*Dataset*.
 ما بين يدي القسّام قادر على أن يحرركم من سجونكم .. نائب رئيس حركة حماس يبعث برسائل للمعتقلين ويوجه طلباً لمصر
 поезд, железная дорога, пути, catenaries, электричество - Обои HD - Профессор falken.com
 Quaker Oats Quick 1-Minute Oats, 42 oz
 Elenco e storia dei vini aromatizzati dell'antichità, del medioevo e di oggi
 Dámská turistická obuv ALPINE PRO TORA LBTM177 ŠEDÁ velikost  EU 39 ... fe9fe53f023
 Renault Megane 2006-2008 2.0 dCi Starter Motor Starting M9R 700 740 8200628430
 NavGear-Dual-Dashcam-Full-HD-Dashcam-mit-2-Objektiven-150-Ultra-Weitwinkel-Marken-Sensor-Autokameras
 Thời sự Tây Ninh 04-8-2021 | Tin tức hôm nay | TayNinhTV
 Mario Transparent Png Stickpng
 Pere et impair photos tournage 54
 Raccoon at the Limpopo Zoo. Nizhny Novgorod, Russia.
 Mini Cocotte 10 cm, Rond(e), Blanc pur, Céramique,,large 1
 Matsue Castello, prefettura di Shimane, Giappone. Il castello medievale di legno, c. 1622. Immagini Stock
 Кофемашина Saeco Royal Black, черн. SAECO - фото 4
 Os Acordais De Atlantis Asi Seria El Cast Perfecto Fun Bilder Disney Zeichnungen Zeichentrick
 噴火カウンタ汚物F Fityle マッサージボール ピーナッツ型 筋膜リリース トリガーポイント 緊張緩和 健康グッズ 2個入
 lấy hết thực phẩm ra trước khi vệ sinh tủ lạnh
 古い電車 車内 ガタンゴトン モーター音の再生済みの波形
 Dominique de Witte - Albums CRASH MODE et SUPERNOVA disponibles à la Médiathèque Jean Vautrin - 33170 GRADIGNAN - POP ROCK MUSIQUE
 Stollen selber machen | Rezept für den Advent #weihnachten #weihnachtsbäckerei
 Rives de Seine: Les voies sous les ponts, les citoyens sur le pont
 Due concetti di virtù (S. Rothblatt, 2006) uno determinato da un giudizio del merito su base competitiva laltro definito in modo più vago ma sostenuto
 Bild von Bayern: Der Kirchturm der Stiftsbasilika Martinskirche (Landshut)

*Exercise prompt*.
Give back exactly the lines from the line containing "lấy hết thực" to the end of the entries, and no other lines.

*Solution for this problem*.
 lấy hết thực phẩm ra trước khi vệ sinh tủ lạnh
 古い電車 車内 ガタンゴトン モーター音の再生済みの波形
 Dominique de Witte - Albums CRASH MODE et SUPERNOVA disponibles à la Médiathèque Jean Vautrin - 33170 GRADIGNAN - POP ROCK MUSIQUE
 Stollen selber machen | Rezept für den Advent #weihnachten #weihnachtsbäckerei
 Rives de Seine: Les voies sous les ponts, les citoyens sur le pont
 Due concetti di virtù (S. Rothblatt, 2006) uno determinato da un giudizio del merito su base competitiva laltro definito in modo più vago ma sostenuto
 Bild von Bayern: Der Kirchturm der Stiftsbasilika Martinskirche (Landshut)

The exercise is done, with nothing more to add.